• [Task objective]: From the line containing "Everything Else is" to the last line of the listing, both included, copy every line exactly and drop the pictures.

• [Stored data]:
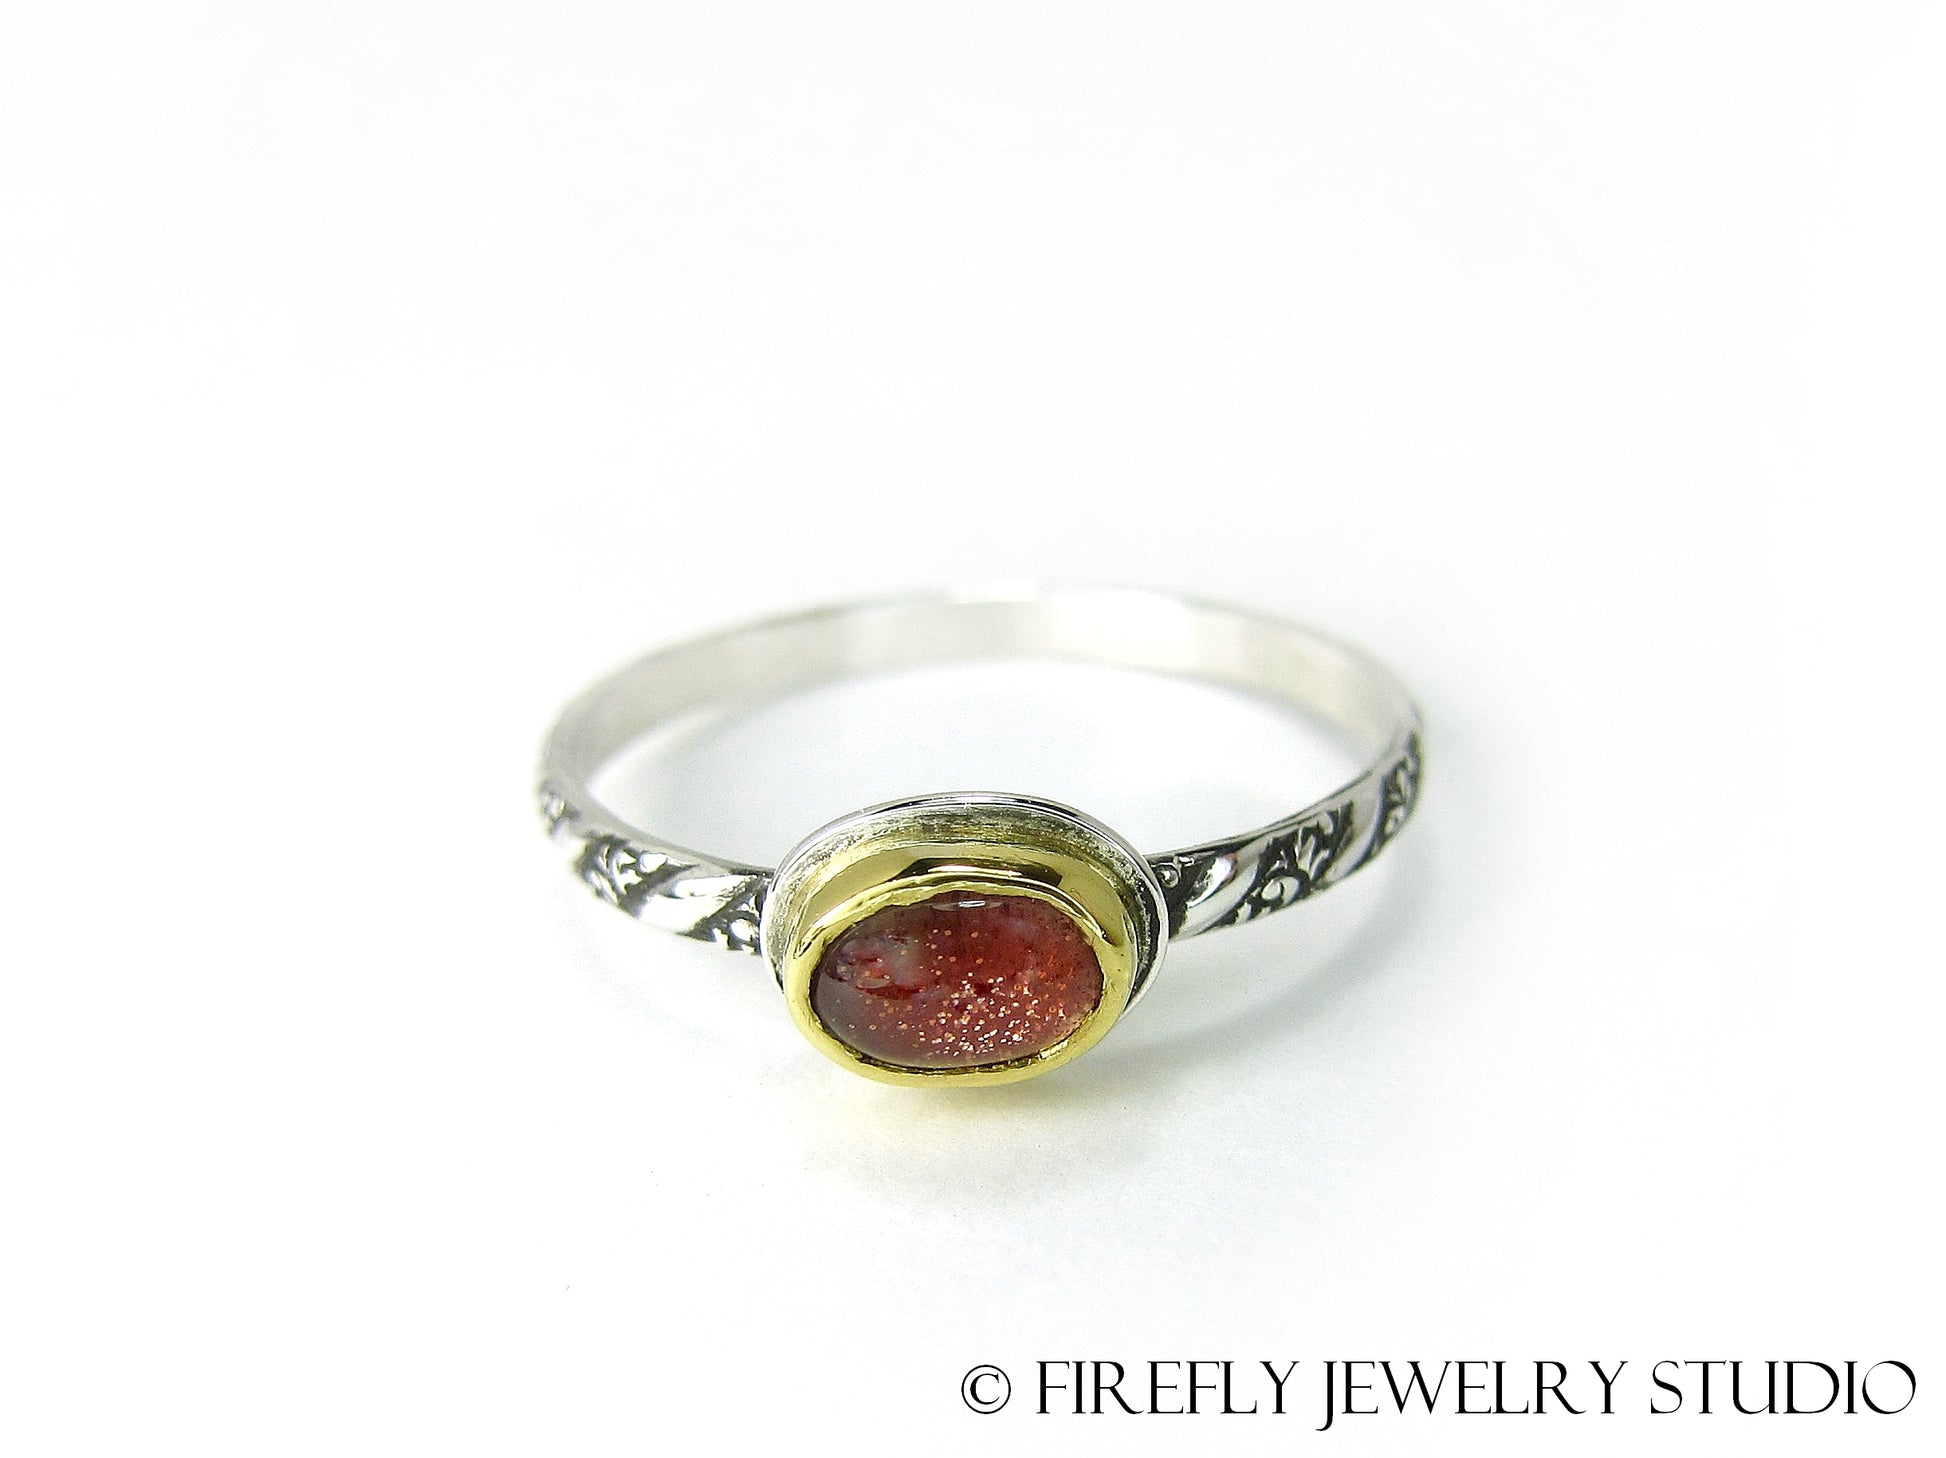 Dainty Sunstone Solitaire Stacking Ring in 24k Gold and Sterling Silver. Size 8.25 - Firefly Jewelry Studio
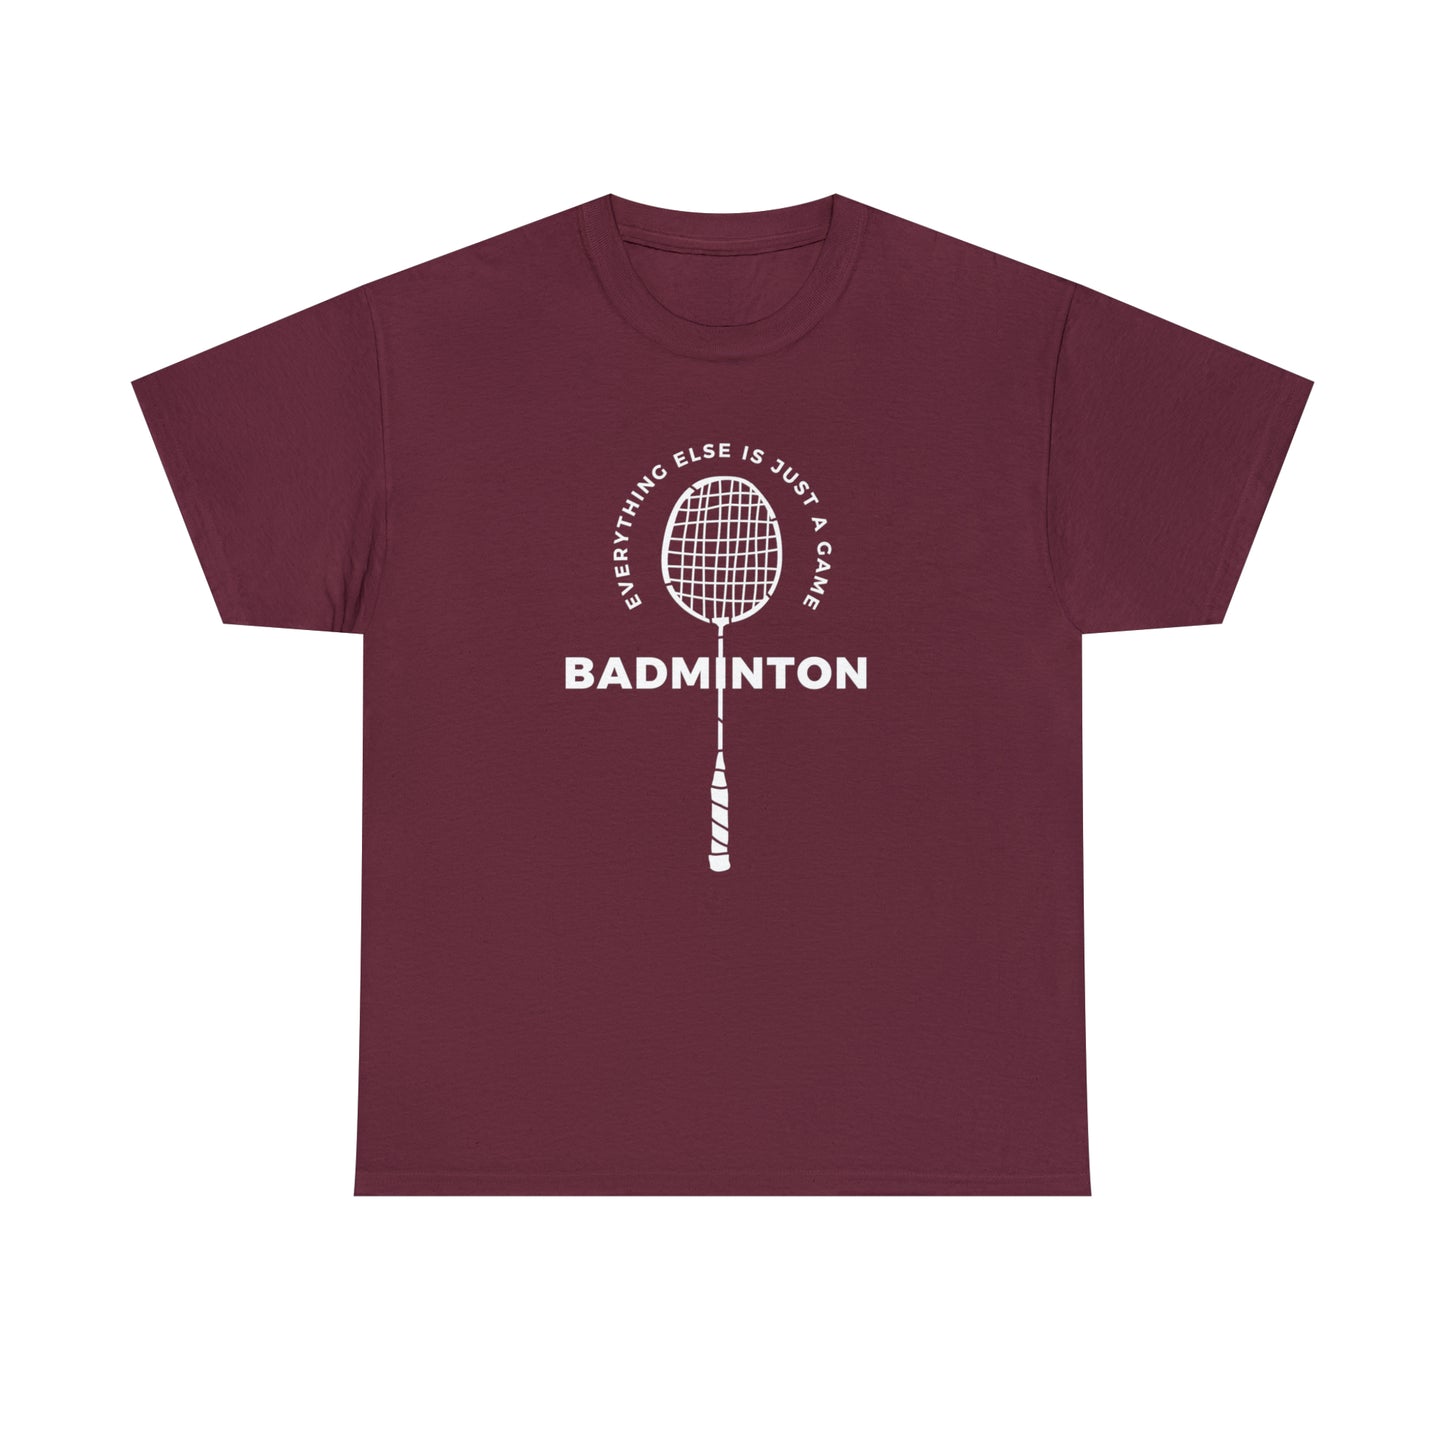 Everything Else is Just a Game (Badminton) T-Shirt
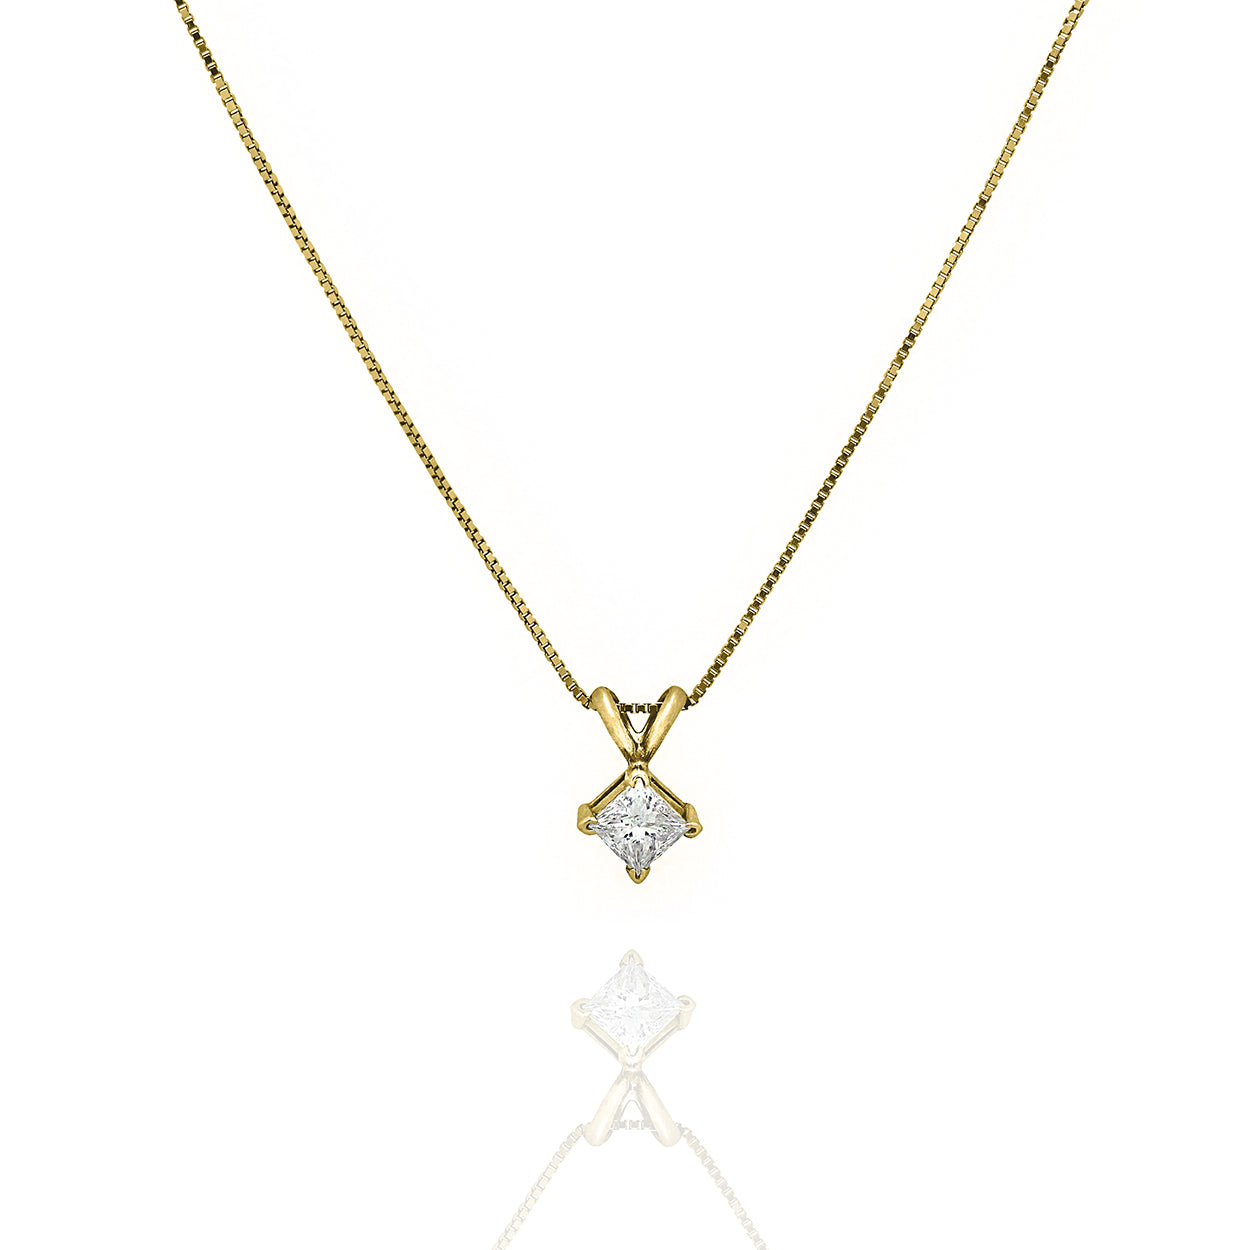 14KT Yellow Gold 0.48CTW Princess Cut Diamond Necklace with Box Chain
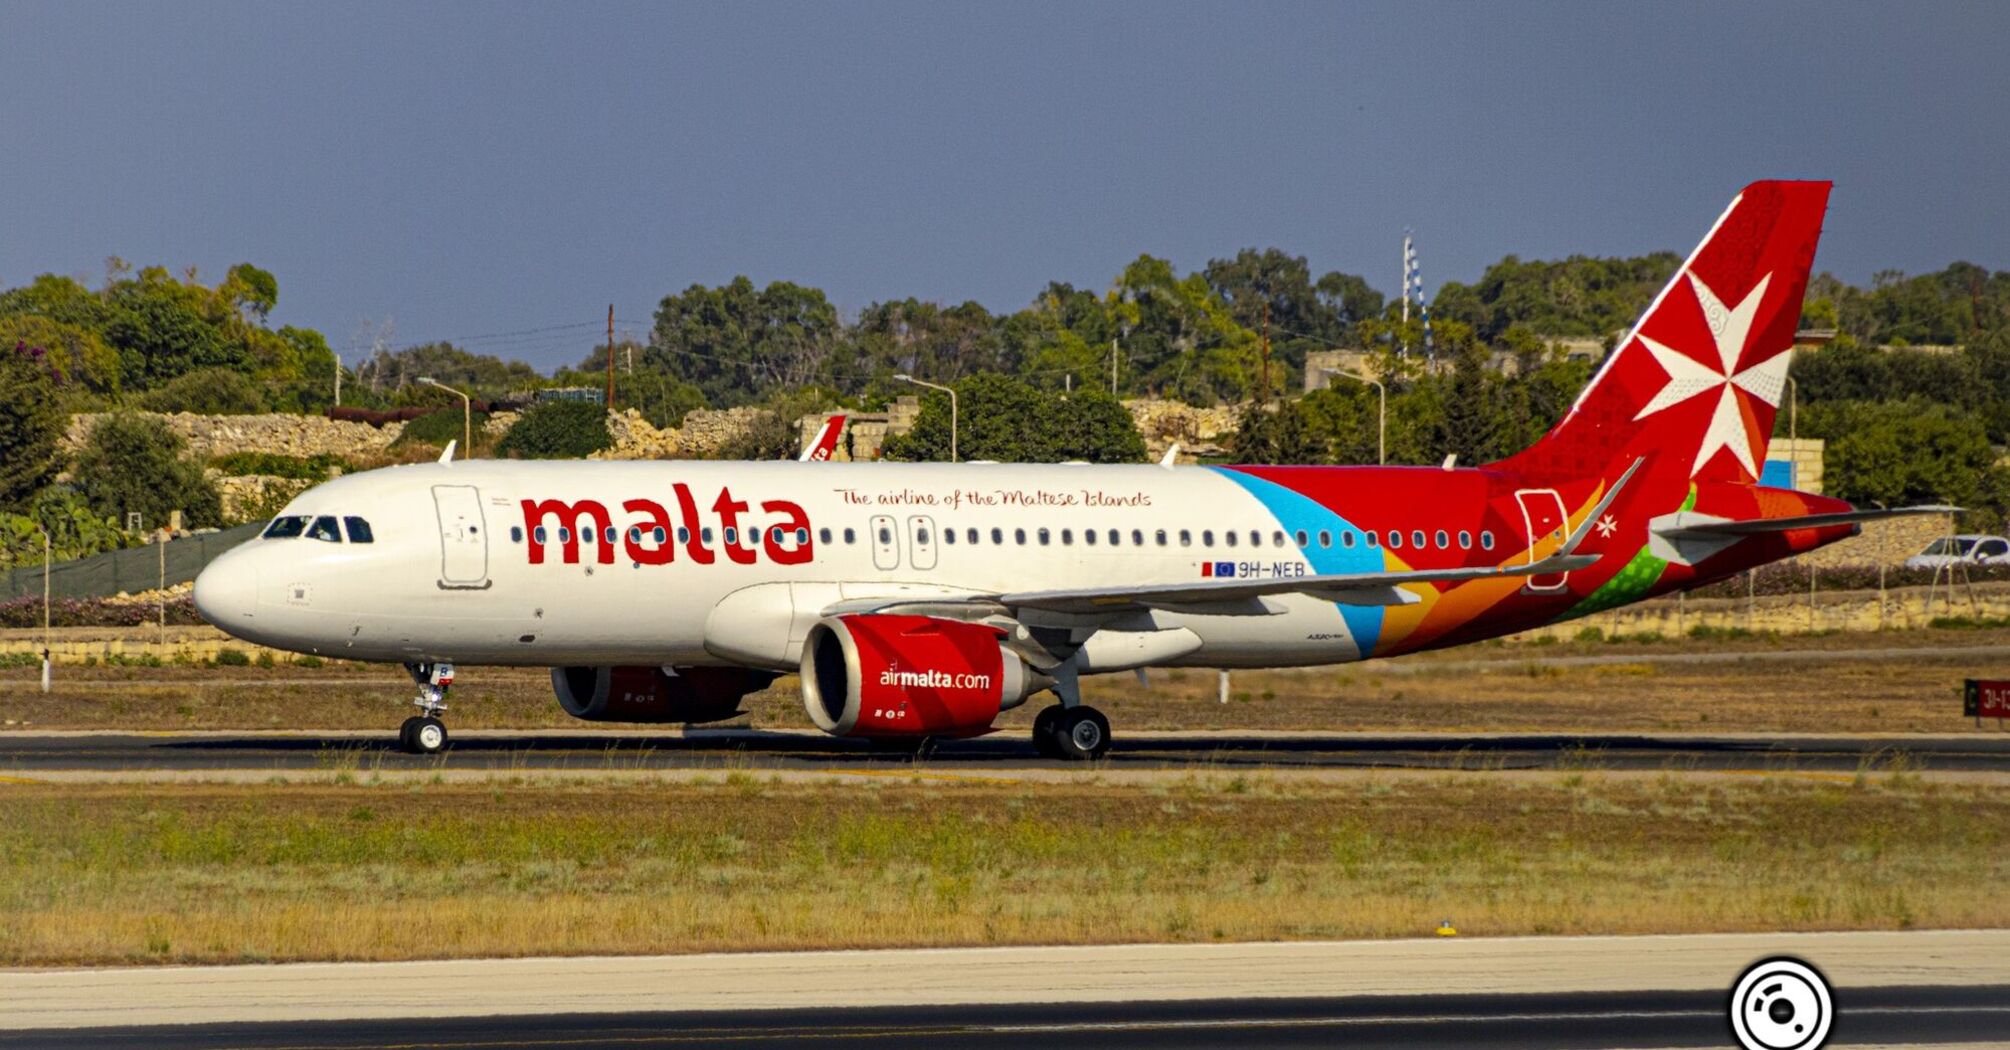 Air Malta has announced its new rules regarding the transportation of personal baggage

• [Reply]:
 Everything Else is Just a Game (Badminton) T-Shirt
 14KT Yellow Gold 0.48CTW Princess Cut Diamond Necklace with Box Chain
 Air Malta has announced its new rules regarding the transportation of personal baggage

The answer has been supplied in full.